## Exercise goal
Restate the data below word for word, omitting pictures.

## Input data
'''

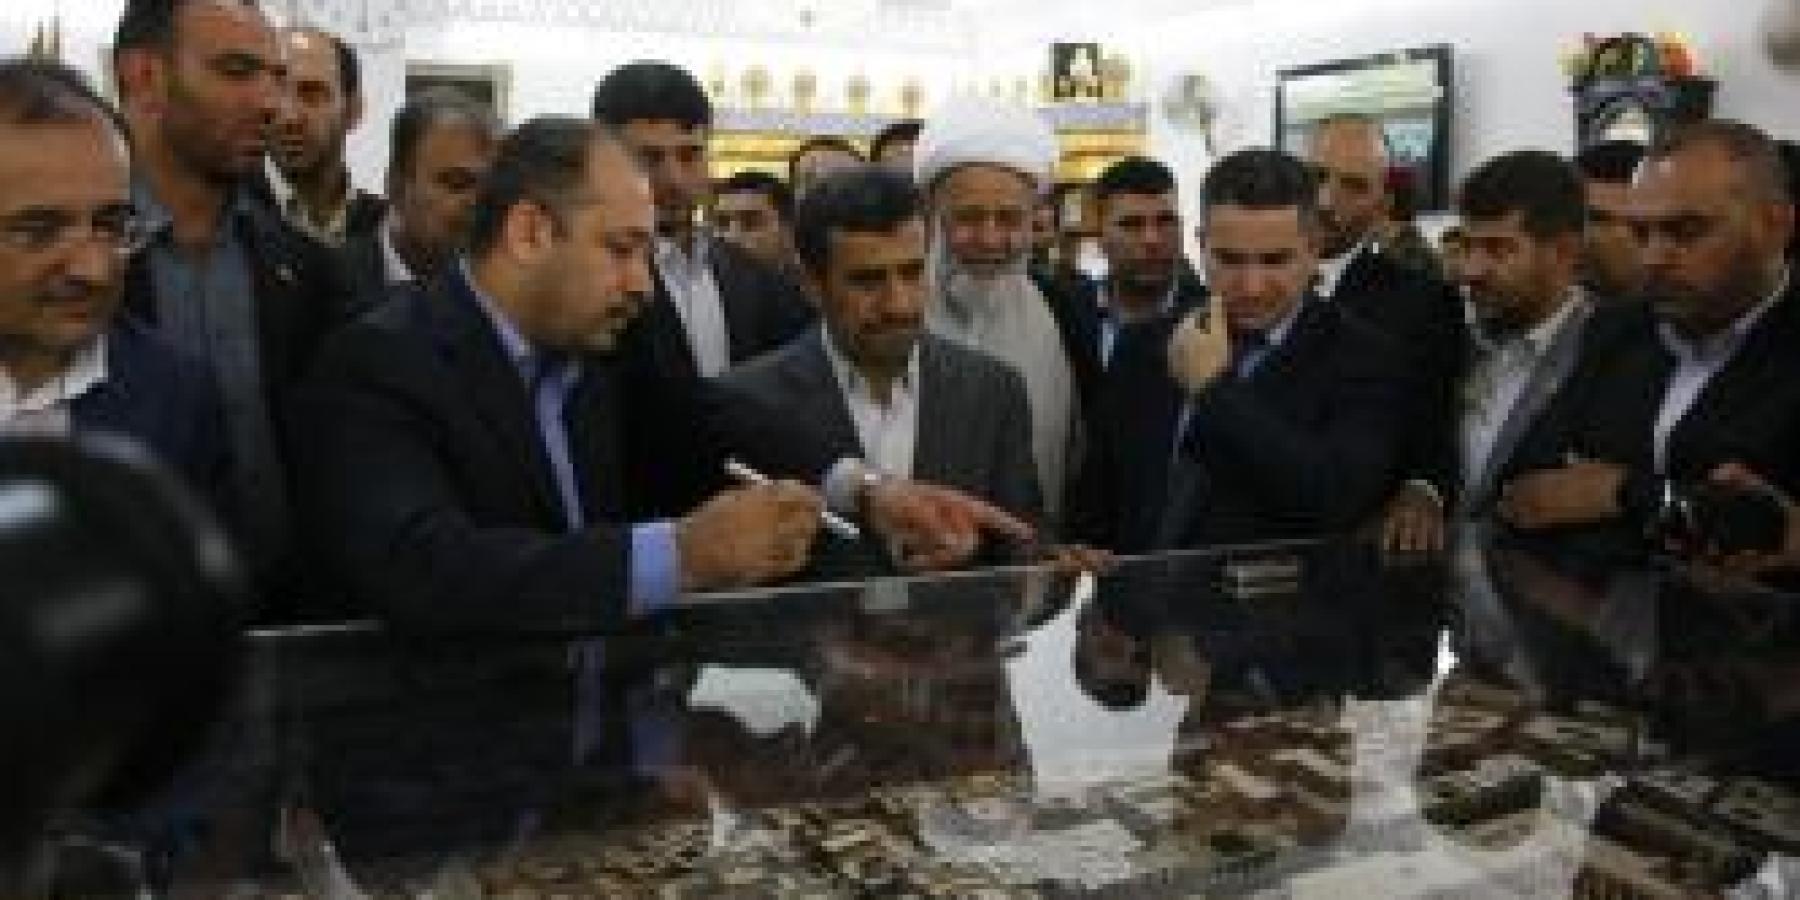 الرئيس الايراني محمود أحمدي نجادي يتشرف بزيارة العتبة العلوية المقدسة ويبدي إعجابه بمشاريع الاعمار والبناء الجارية فيها
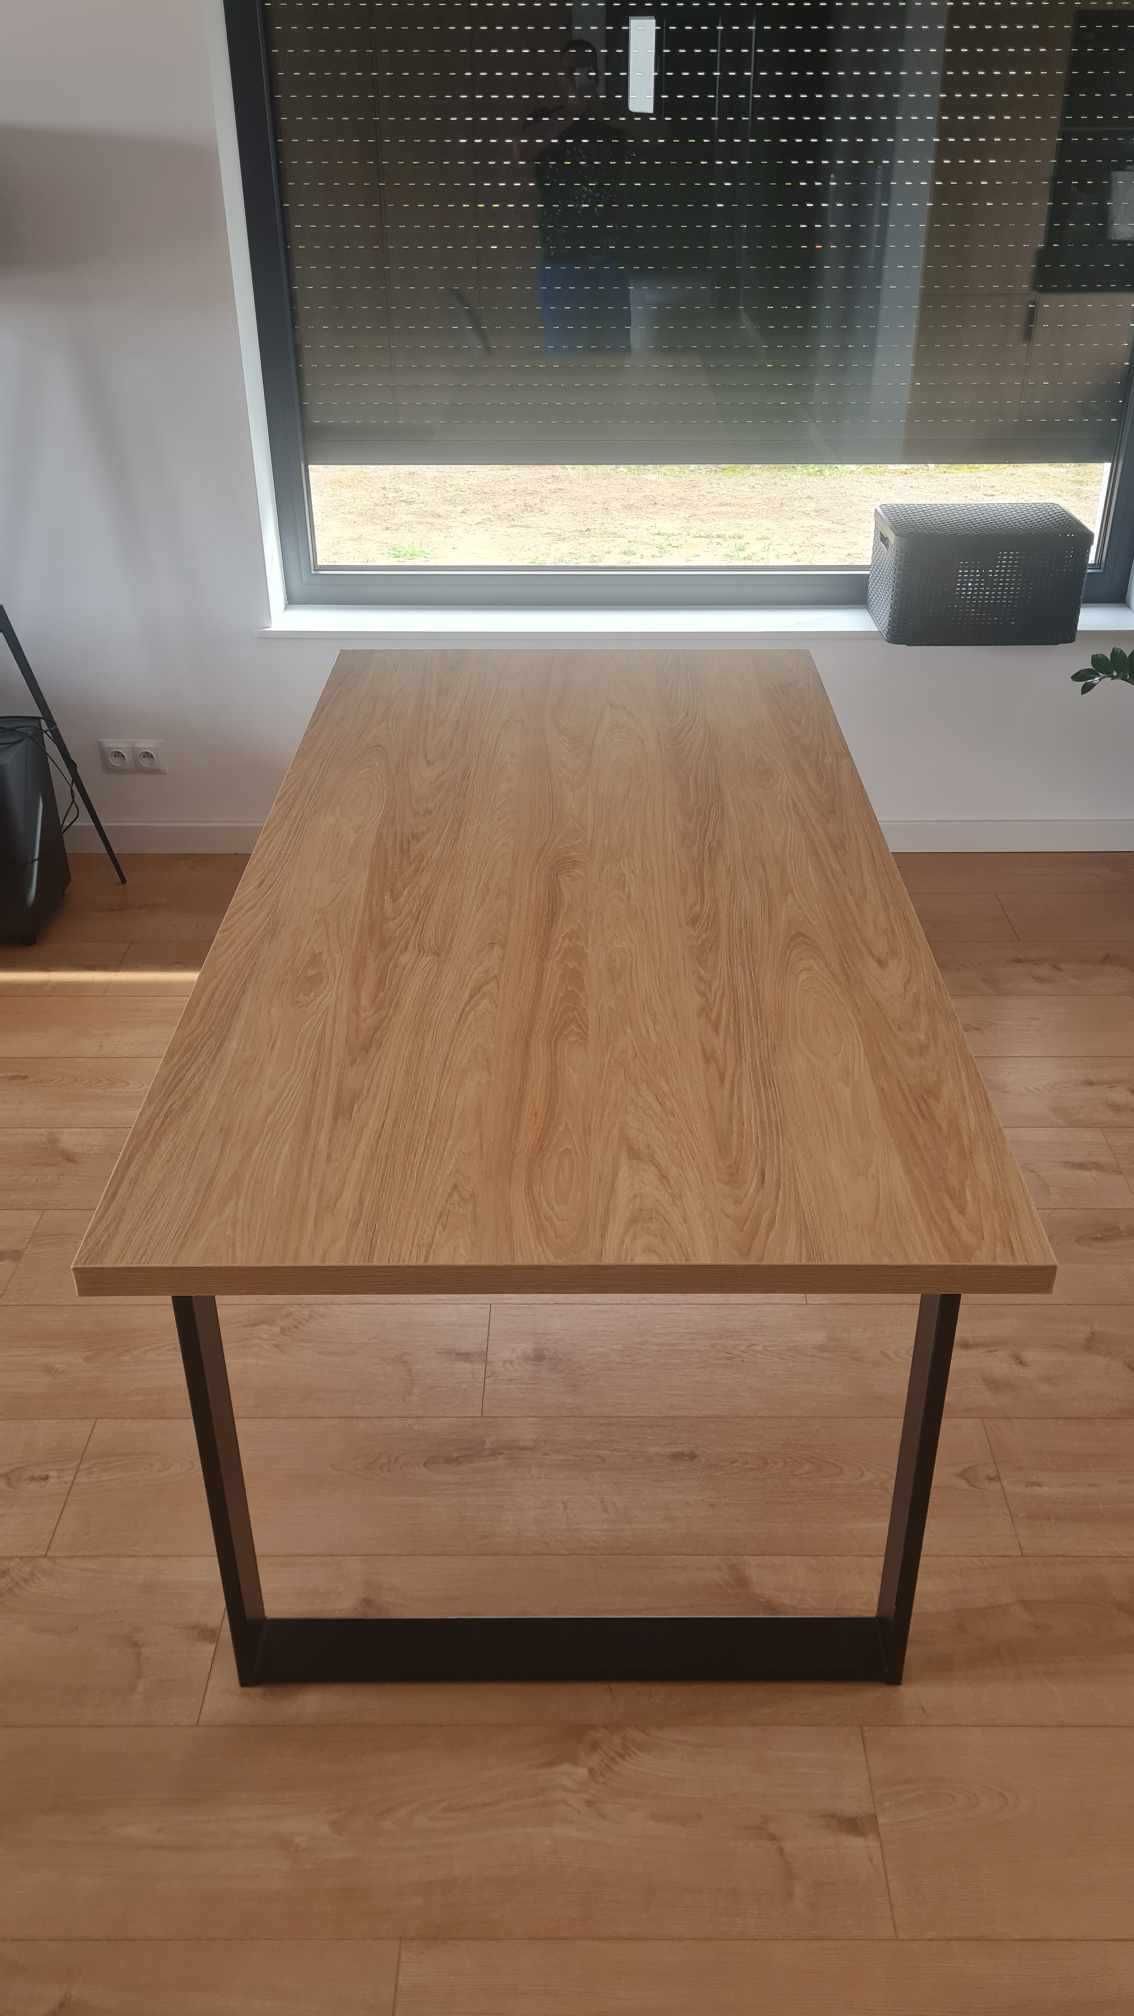 Stół loftowy, nowy
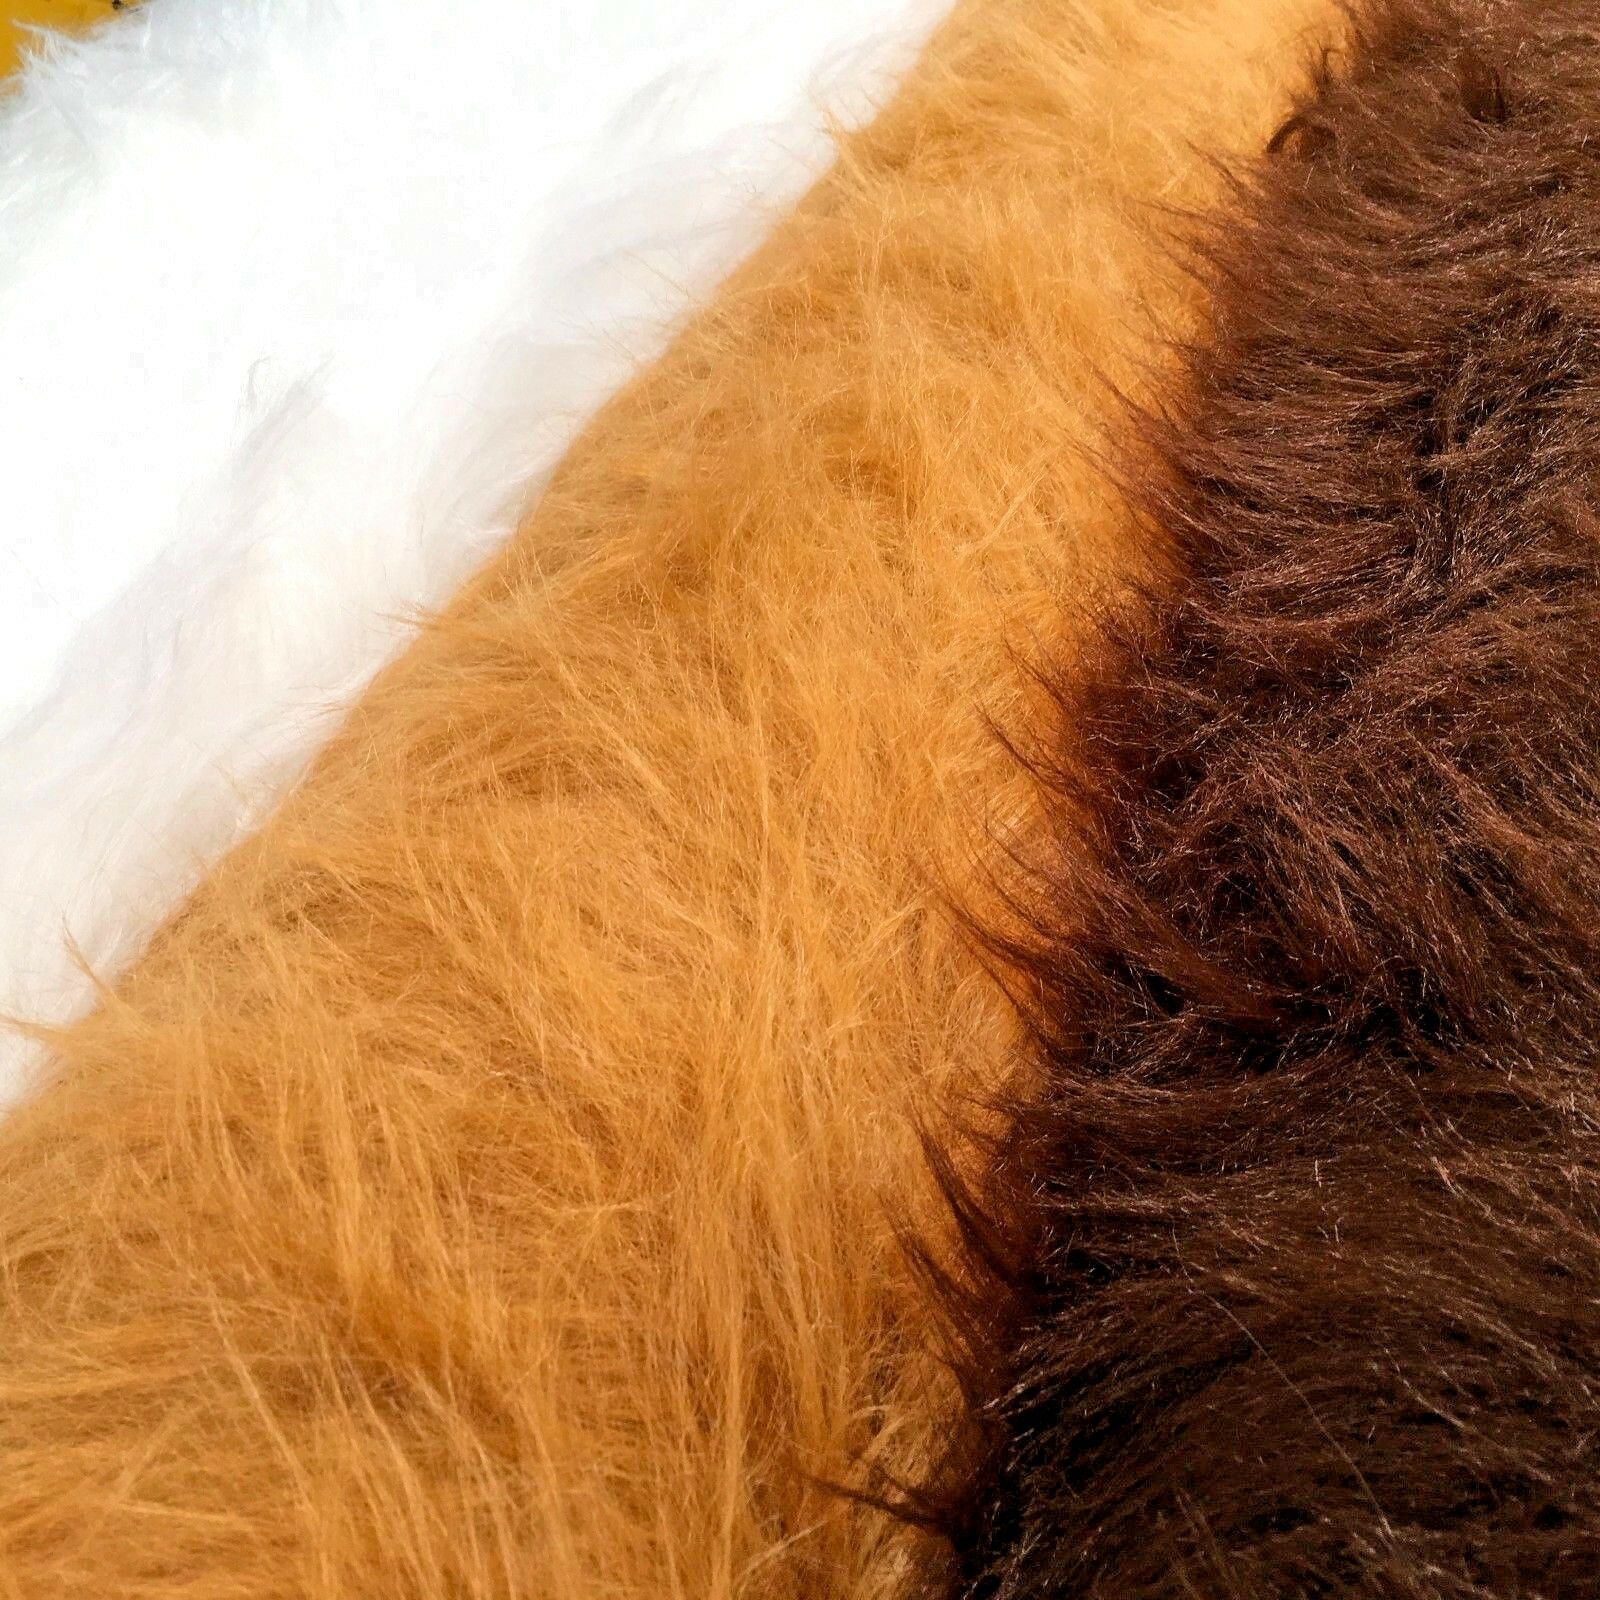 Pelliccia sintetica tinta unita pelo lungo 75 mm ideale per abbigliamento,  cucce per animali domestici 58 pollici di larghezza - Midland Textiles

'''

## Exercise output
 الرئيس الايراني محمود أحمدي نجادي يتشرف بزيارة العتبة العلوية المقدسة ويبدي إعجابه بمشاريع الاعمار والبناء الجارية فيها
 Stół loftowy, nowy
 Pelliccia sintetica tinta unita pelo lungo 75 mm ideale per abbigliamento,  cucce per animali domestici 58 pollici di larghezza - Midland Textiles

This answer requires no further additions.